AVAILABLE DATA >>
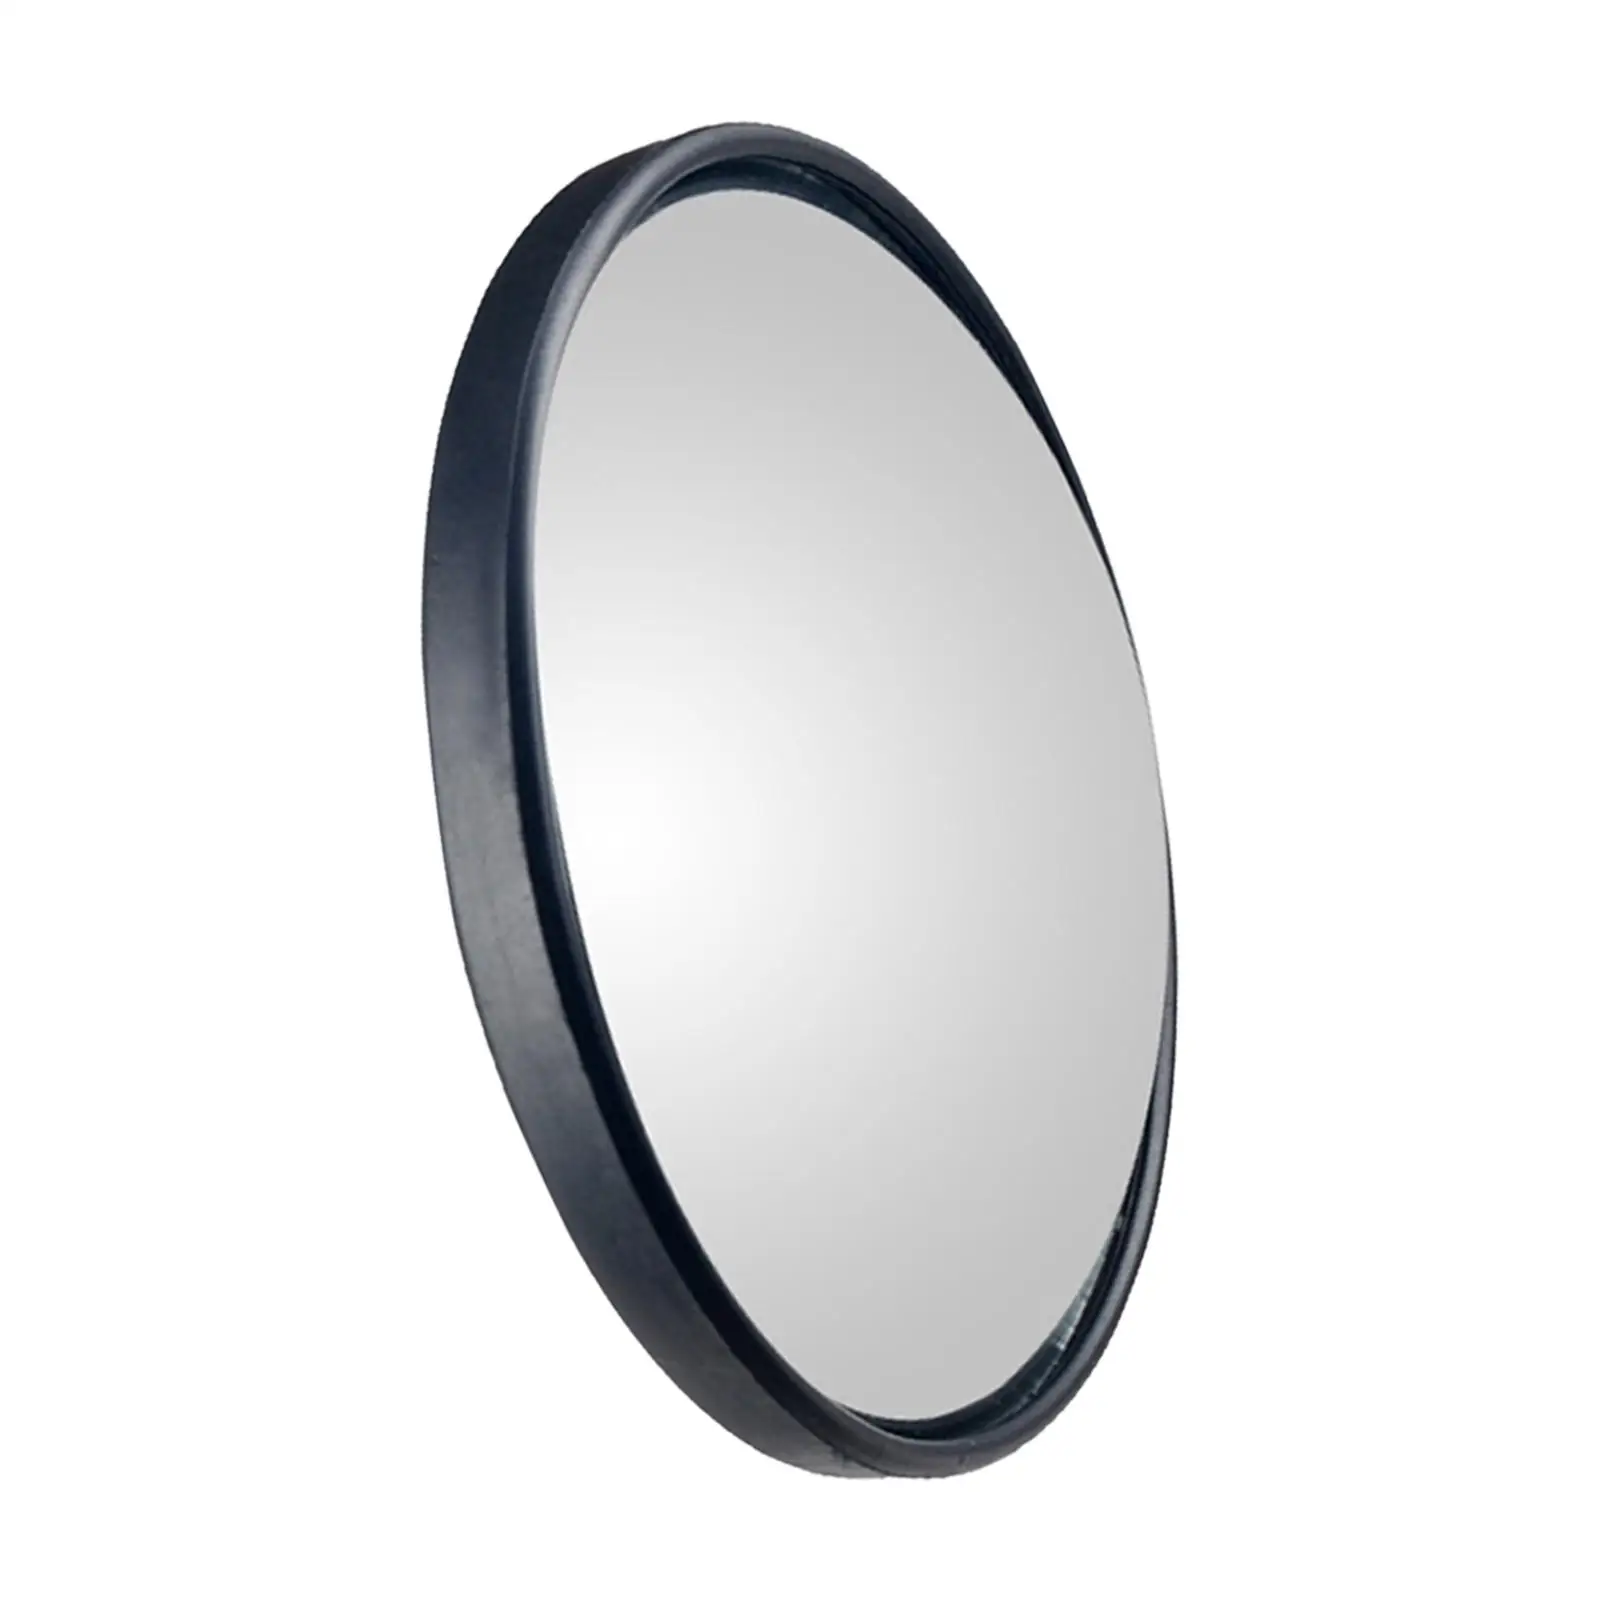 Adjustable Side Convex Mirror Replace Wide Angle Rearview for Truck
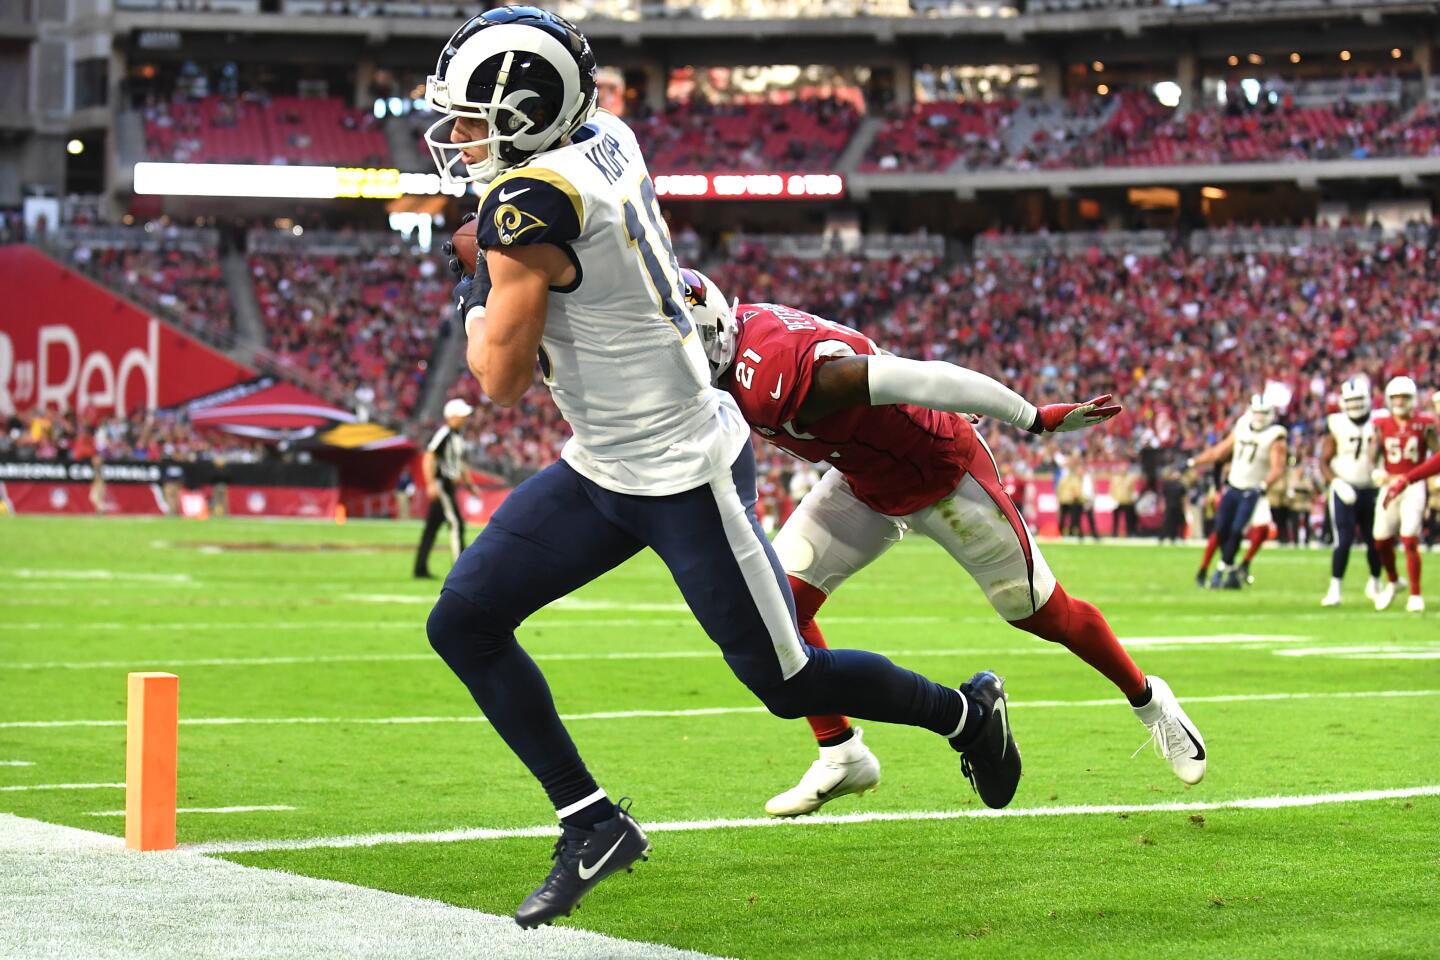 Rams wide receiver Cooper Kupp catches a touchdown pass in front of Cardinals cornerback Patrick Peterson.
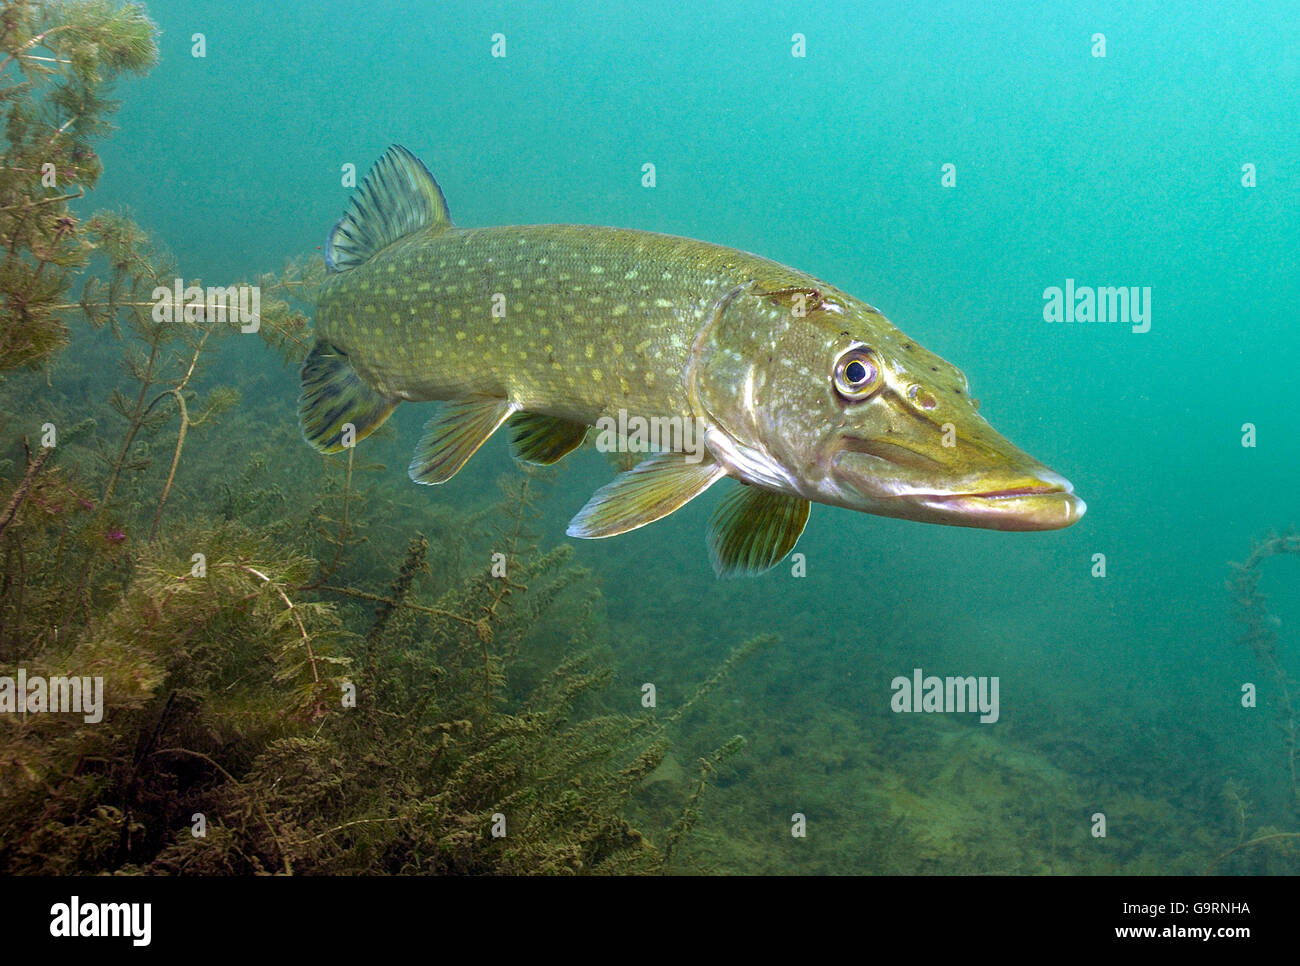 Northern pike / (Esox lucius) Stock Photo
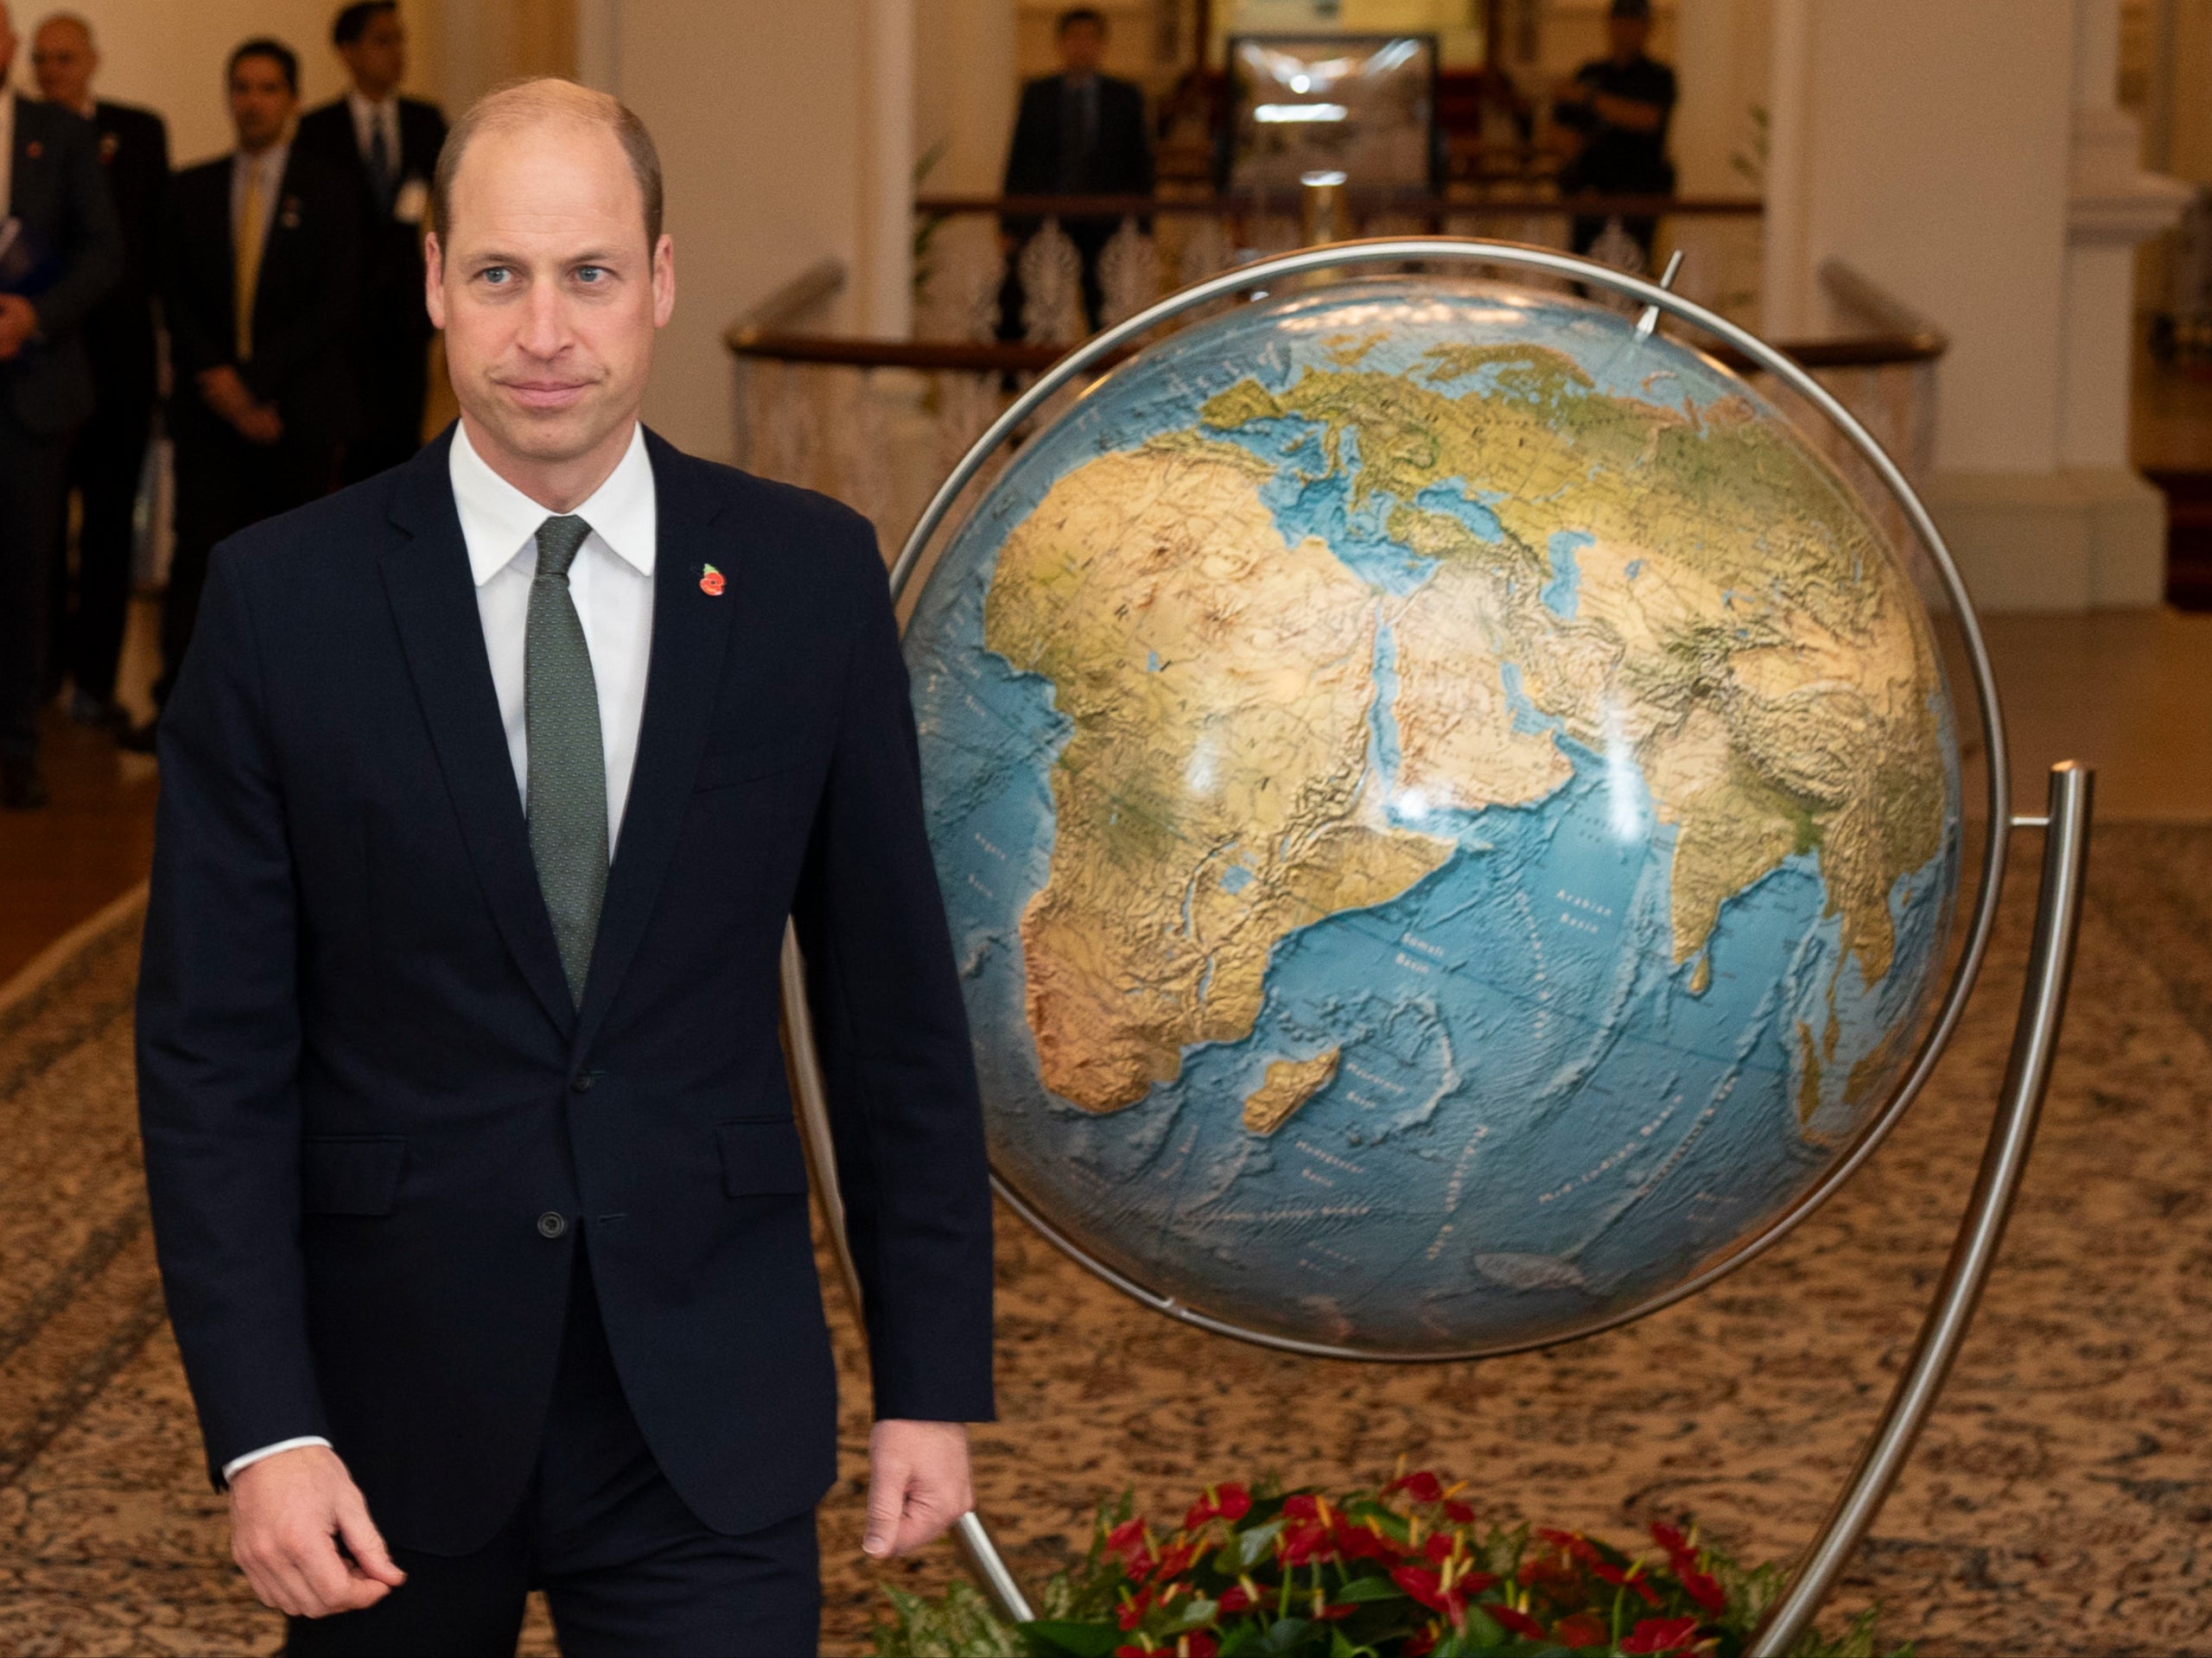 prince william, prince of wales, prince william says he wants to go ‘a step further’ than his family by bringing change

PROBLEM STATEMENT >>
Your reply must match the data above line for line, except that it holds no pictures.

EXERCISE SOLUTION >>
 Adjustable Side Convex Mirror Replace Wide Angle Rearview for Truck
 Rams wide receiver Cooper Kupp catches a touchdown pass in front of Cardinals cornerback Patrick Peterson.
 Northern pike / (Esox lucius) Stock Photo
 prince william, prince of wales, prince william says he wants to go ‘a step further’ than his family by bringing change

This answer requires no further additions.